I'm blessed again to have the opportunity to go back to PCB for 2 weeks on friday. I can't wait. I'm looking forward to catching some blacktips and maybe a bull or 2 on ladyfish in the surf at night and early morning as these are the only times when you won't hook anyone or get angry parents asking you why you are attracting such dangerous predators around their kids (they don't know that they are already there). Does anyone have any comments or suggestions on how to get your bait out to the sharks besides kayaking/canoeing it out to the 2nd sand bar from the beach? Also, can anyone tell me a good way to hook shrimp and sand fleas? I try often, but they always end up either getting casted off or just stolen as soon as they hit the water.


----------



## Seachaser (Sep 27, 2004)

I fish to the east about 70 miles where it is less crowded. I have found that it is hard to keep shrimp on a large hook. When I fish with shrimp, I take the tail head and shell off. I cut it inhalf or thirds and use a 1 or 2 size circle hook. For shrks the best method is to use a long rod and use distance casting techniques which is another whole ball game. I am leaving Saturday the 2nd, can't wait.


----------



## Russell (Jun 14, 2005)

sounds like fun. I am new to salt water fishing and I fish from a kayak....any fishing tips I can use from my kayak off of the beach will be appreciated......thanks.


----------



## Guest (Jun 27, 2005)

Russell,
Yak Out About 300 Yards Drop A Blue Head 
Yak Back And Hold On Tight!!!! !!!!!! :d :d


----------



## Guest (Jun 27, 2005)

Russell,
Check Out The Yacking Forum On This Site..
The'll Be Able To Help From There


----------



## mr Ling (Jun 3, 2005)

you can do kite fishing to get your bait far enough


----------



## Old Timer (Jan 5, 2005)

*Shark bait...*

My favorites are ladyfish or mackerel, but mullet, bluefish, ray wings all catch sharks...
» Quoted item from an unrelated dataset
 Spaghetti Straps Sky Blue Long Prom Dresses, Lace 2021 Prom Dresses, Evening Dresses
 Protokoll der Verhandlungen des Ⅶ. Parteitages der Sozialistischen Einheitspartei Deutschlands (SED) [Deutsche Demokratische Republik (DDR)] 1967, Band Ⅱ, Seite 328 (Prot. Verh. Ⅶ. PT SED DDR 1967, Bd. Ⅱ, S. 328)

Not too popular to be shark fishing on public beaches these days...Amazing what people DON'T know about what swims in the inshore Gulf in the summertime, isn't it?

By the way, BCSSUX...why don't you like the BCS? One of your favorite teams get shafted? LOL

Tight lines, friends!

Old Timer


----------



## Russell (Jun 14, 2005)

I have spent the last week fishing in Gulf shores, AL. Me and a buddy caught 12 black tip sharks, baracudda, skip jaks, 12lbs red fish and several sting rays on cut bait. The sting ray weighed 25lbs. It was a blast. Waves were to big for kayak so we fished at the broken down pier.


----------



## Russell (Jun 14, 2005)

Oh ya........thanks for all of ya'lls help and research.........


----------



## Guest (Jul 8, 2005)

Bcs,

You Need To Check Out Distance Casting..
It Takes Alot Of Practice But The Second Sand Bar Is Closer Than You Think!!!!


----------



## bcssux (May 23, 2005)

*thanx*

i just got back from my trip and it was a good one. i caught a few blacktips, a bunch of ladies, a few blues, and a few rays. thanks for all the help!


O, and by the way Old Timer...i've got orange and navy in my blood, so yes, my favorite team did get shafted...


----------



## jlk007 (May 2, 2005)

I hear ya BCS, War DAMN EAGLE!!!!


----------